John Krimm

No. 21
- Position: Defensive back

Personal information
- Born: May 30, 1960 (age 65) Philadelphia, Pennsylvania, U.S.
- Listed height: 6 ft 2 in (1.88 m)
- Listed weight: 190 lb (86 kg)

Career information
- High school: Bishop Watterson (Columbus, Ohio)
- College: Notre Dame
- NFL draft: 1982: 3rd round, 76th overall pick

Career history
- New Orleans Saints (1982–1983); Los Angeles Raiders (1985)*;
- * Offseason and/or practice squad member only

Awards and highlights
- First-team All-American (1981);
- Stats at Pro Football Reference

= John Krimm =

American football player (born 1960)

John Joseph Krimm Jr. (born May 30, 1960) is an American former professional football player who was a defensive back in the National Football League (NFL).

Krimm was born in Philadelphia, Pennsylvania and lived there until age 13, getting his start in football in the local youth leagues.

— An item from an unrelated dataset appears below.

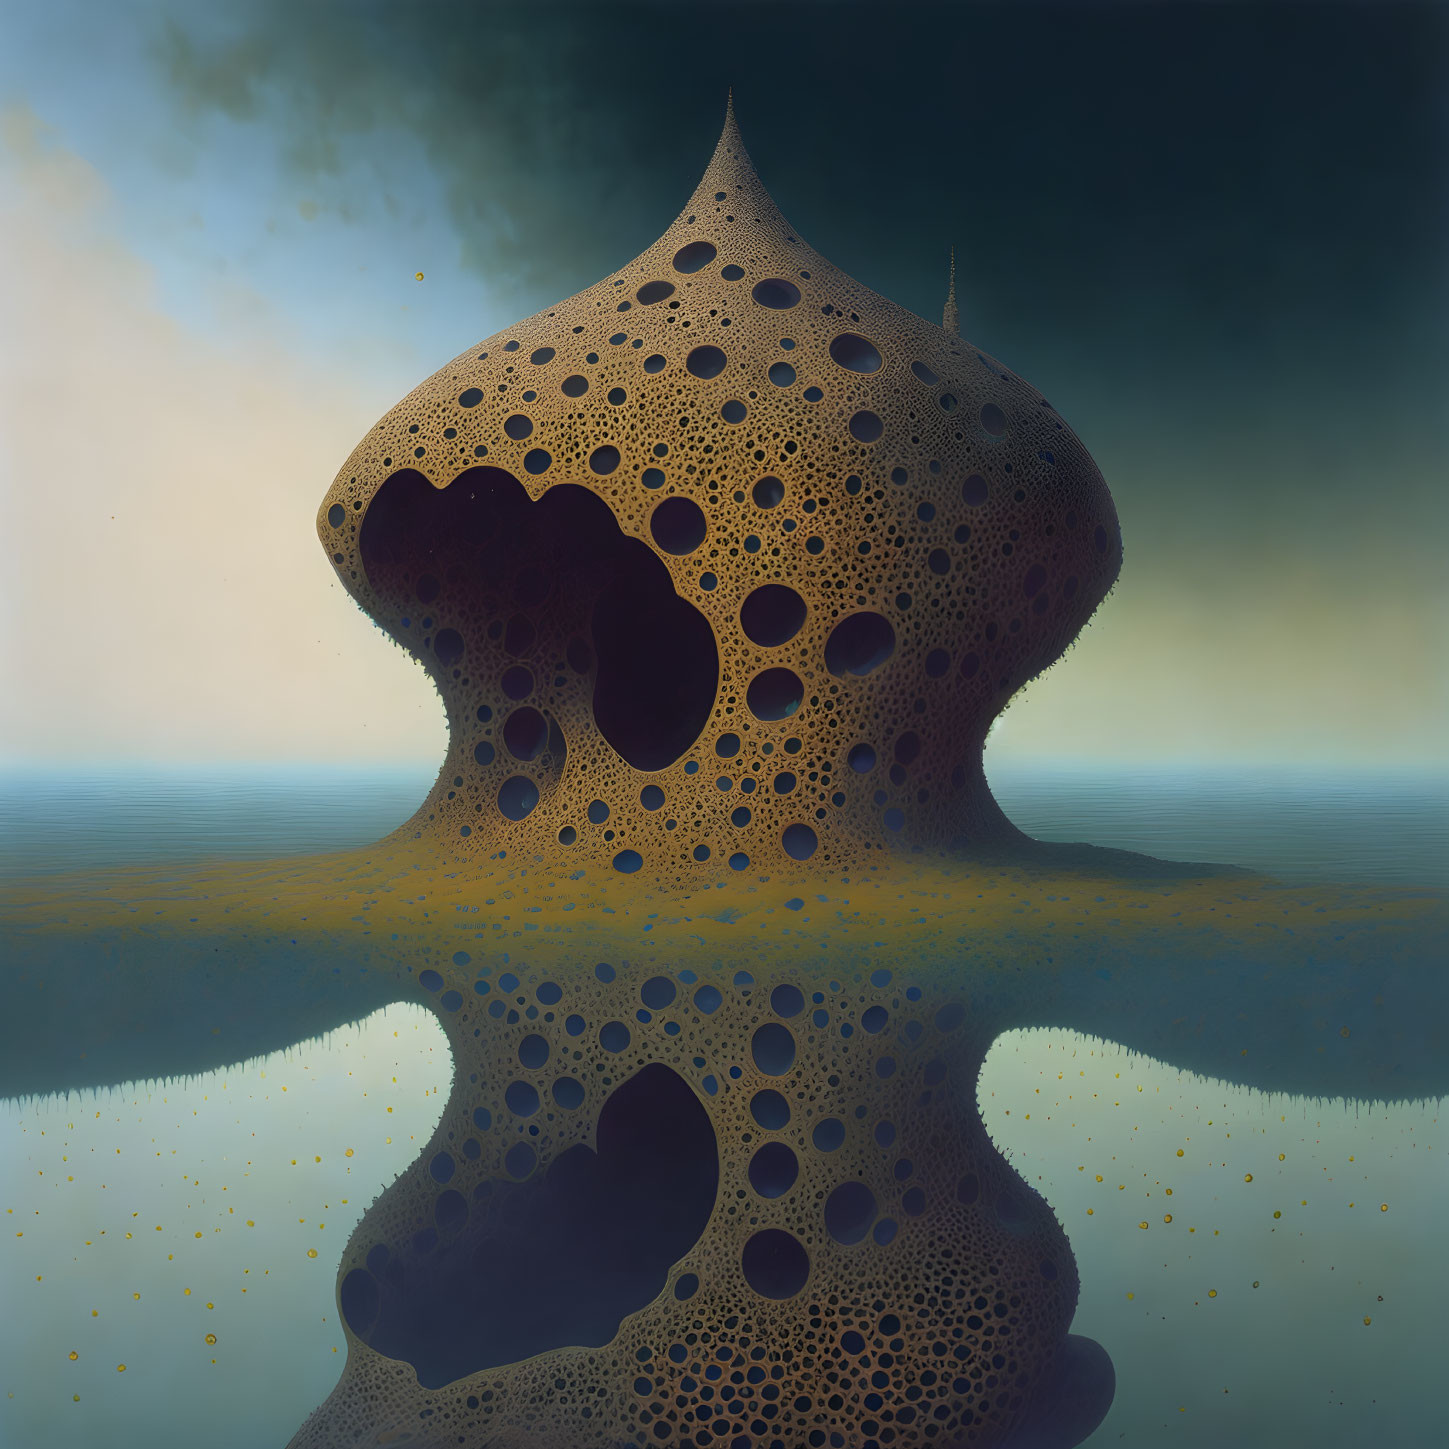 Amorphous, Perforated Structure in Surreal Landscape

He played scholastically at Bishop Watterson High School in Columbus, Ohio. He played collegiately for the Notre Dame Fighting Irish, where, as a senior, he was honored as a first-team All-American by Gannett News Service, the Newspaper Enterprise Association, and The Sporting News.

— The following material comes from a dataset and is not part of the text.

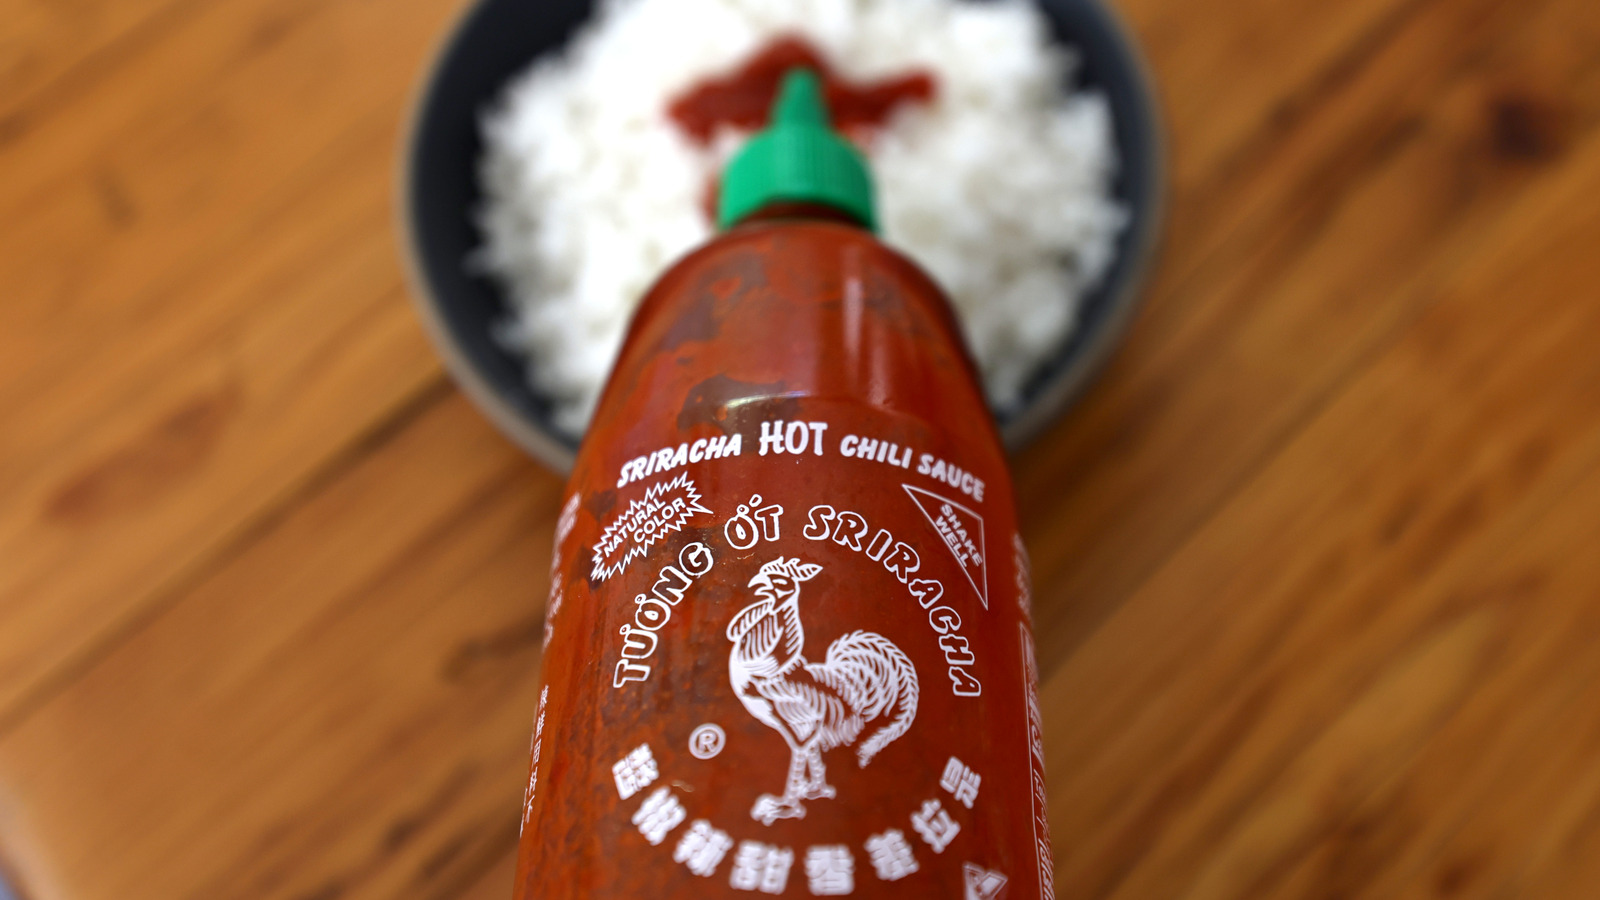 Some Like It Hot! Make Your Own Hot Sauce

Krimm graduated magna cum laude in Philosophy. He was the recipient of an NCAA post-graduate scholarship and spent a summer in Washington, D.C. as a Congressional Intern.

Selected by the New Orleans Saints in the third-round of the 1982 NFL draft, Krimm was active for all nine games during the shortened season. He hyperextended his left knee during training camp in 1983, and spent the season on the injured reserve list. He was released by the Saints during the 1984 preseason.

The Los Angeles Raiders gave Krimm a tryout in 1985, but he pulled a hamstring in training camp and was released.

Krimm had three aunts and two uncles who were members of the Roman Catholic clergy.